The model was also fitted to data from the Dutch Health Inspectorate on the annual total number of AIDS cases between 1982 and 1996.[16,24] Total numbers of AIDS diagnoses after 1996 were not used because the probability of progressing to AIDS would be affected by the use of combination antiretroviral treatment and incorporating its effect and changes in treatment guidelines on when to start antiretroviral treatment would make our model much more complicated. Instead, from 1996 onwards, we used ATHENA data on concurrent HIV/AIDS diagnoses made before treatment was started and therefore not affected by treatment. We did not use data on concurrent HIV and AIDS diagnoses before 1996, because patients in ATHENA with an HIV/AIDS diagnosis in that period are a biased group of patients who survived up to 1996. The number of HIV diagnoses and HIV/AIDS cases in 2011 and 2012 were corrected for a backlog in registration by adding 3% and 11%, respectively, to the number of cases observed so far.[23]
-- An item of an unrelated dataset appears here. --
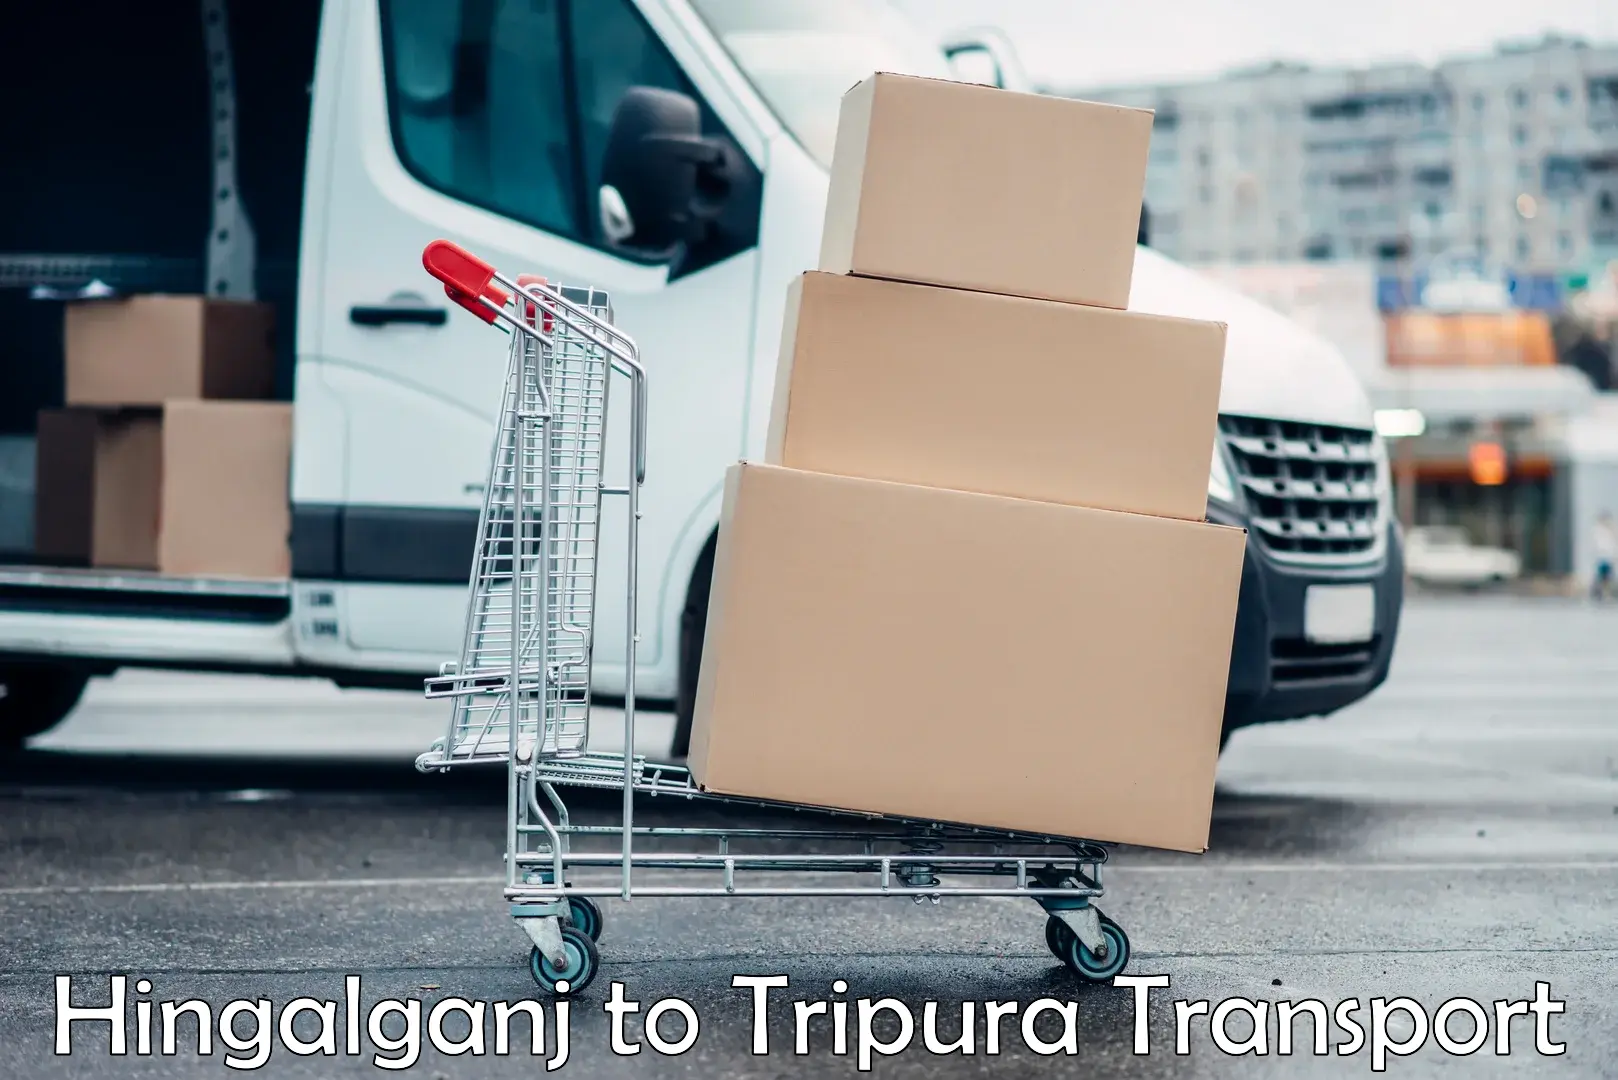 Furniture transport service Hingalganj to Bishalgarh
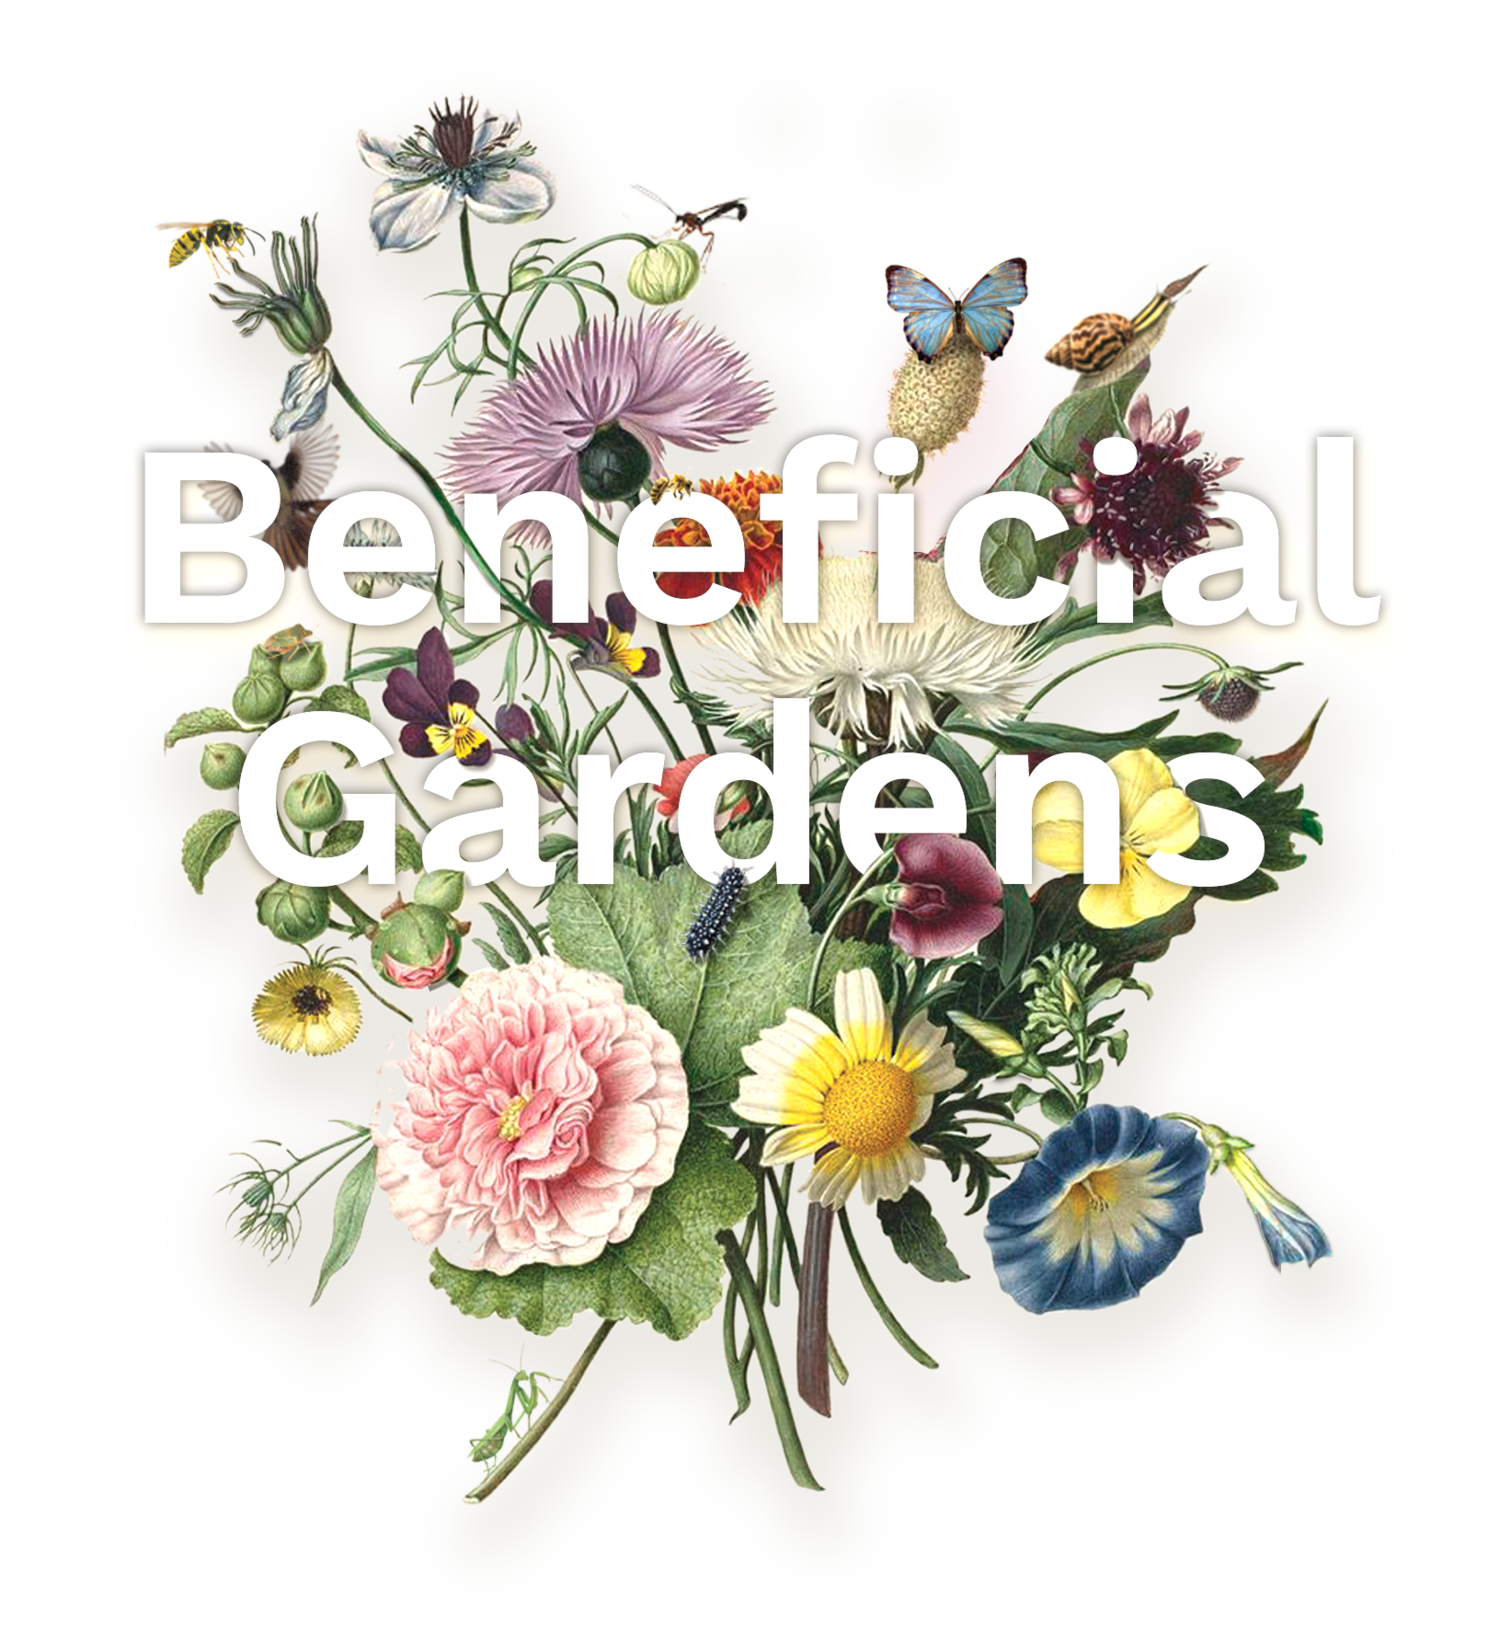 Beneficial Gardens

We constructed point wise 95% confidence intervals (CI) for the parameters and other outcomes via a bootstrap procedure (see eAppendix; http://links.lww.com/EDE/A932). Although analyses were done up to and including 2012, we report model outcomes at the end of 2011 because of wide confidence intervals in 2012. Numbers were rounded to the nearest 10, 50, or 100 if they were below 1,000, between 1,000 and 10,000, or above 10,000, respectively.

The number of HIV-infected MSM who were still alive by the end of 2011 was estimated by subtracting the cumulative number of MSM who died from the cumulative number of HIV infections. The number of MSM who died because of AIDS, while remaining undiagnosed was calculated from the mathematical model. The number of deaths among diagnosed MSM was taken from Statistics Netherlands (before 2002) or ATHENA (from 2002 onwards).[23,24] Since Statistics Netherlands has no information on transmission risk group, it was assumed that 70% of deaths among men were MSM, which is the percentage of MSM among male patients in ATHENA diagnosed before 2002.[5]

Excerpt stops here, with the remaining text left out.